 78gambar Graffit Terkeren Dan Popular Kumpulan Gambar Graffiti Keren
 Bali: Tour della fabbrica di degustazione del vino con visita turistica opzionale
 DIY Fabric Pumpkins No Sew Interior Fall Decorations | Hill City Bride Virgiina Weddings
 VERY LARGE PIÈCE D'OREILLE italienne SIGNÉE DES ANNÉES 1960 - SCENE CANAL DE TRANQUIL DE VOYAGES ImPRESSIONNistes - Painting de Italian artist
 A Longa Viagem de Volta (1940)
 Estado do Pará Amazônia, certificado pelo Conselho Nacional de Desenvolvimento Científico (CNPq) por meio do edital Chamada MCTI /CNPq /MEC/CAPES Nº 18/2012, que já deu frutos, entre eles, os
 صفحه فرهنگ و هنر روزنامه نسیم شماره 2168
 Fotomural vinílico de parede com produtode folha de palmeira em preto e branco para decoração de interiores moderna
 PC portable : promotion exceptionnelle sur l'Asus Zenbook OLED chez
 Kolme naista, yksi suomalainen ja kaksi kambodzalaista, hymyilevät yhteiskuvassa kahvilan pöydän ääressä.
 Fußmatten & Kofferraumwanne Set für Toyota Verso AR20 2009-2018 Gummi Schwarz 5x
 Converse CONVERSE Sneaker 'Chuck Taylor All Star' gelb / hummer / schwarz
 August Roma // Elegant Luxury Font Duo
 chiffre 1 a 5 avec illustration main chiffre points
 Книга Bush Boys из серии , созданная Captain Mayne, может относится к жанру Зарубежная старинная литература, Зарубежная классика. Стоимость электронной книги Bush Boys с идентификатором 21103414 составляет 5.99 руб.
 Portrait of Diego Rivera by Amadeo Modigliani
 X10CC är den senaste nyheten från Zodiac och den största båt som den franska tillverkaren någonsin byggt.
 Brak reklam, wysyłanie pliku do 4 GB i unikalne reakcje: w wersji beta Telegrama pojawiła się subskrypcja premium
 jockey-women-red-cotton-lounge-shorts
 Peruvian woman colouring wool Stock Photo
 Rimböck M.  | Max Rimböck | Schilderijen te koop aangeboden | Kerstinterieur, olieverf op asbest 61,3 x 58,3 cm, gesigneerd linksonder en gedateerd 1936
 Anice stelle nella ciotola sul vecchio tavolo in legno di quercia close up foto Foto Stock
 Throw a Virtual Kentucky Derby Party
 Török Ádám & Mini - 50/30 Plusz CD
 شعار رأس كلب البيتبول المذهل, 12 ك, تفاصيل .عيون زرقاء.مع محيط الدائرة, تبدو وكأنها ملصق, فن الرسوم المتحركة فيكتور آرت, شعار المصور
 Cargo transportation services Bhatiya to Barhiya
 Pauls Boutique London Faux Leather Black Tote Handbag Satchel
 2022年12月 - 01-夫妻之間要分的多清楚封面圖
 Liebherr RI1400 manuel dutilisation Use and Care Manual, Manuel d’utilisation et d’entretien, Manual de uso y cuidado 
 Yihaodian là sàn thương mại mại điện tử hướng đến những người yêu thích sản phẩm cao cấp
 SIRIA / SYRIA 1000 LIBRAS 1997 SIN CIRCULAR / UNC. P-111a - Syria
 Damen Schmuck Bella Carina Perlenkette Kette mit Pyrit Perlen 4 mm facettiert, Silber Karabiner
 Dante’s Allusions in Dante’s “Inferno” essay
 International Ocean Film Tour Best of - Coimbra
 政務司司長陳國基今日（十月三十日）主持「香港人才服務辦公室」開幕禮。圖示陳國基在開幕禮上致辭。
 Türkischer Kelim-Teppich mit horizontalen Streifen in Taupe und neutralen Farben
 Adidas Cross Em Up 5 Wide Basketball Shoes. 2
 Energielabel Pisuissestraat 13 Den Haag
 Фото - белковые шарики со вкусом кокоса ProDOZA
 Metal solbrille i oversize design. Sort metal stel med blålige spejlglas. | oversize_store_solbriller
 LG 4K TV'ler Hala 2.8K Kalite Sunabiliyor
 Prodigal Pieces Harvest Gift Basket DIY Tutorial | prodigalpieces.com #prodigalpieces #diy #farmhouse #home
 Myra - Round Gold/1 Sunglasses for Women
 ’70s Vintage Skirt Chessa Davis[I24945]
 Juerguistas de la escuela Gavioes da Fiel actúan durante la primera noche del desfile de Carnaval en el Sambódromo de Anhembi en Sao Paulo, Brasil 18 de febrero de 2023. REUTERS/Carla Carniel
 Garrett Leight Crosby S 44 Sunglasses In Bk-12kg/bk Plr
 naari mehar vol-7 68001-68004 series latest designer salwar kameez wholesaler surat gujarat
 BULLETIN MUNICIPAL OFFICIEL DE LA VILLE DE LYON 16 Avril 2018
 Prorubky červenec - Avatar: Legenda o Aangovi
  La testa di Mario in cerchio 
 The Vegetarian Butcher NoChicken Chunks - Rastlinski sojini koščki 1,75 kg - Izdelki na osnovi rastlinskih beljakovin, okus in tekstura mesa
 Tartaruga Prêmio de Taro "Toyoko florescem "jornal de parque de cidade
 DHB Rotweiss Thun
────────────────────────────────────────
What the task requires:
Whenever the string "Sunglasses" shows up in a line of the records, that line counts; state how many lines count, and only that.

Written response:
2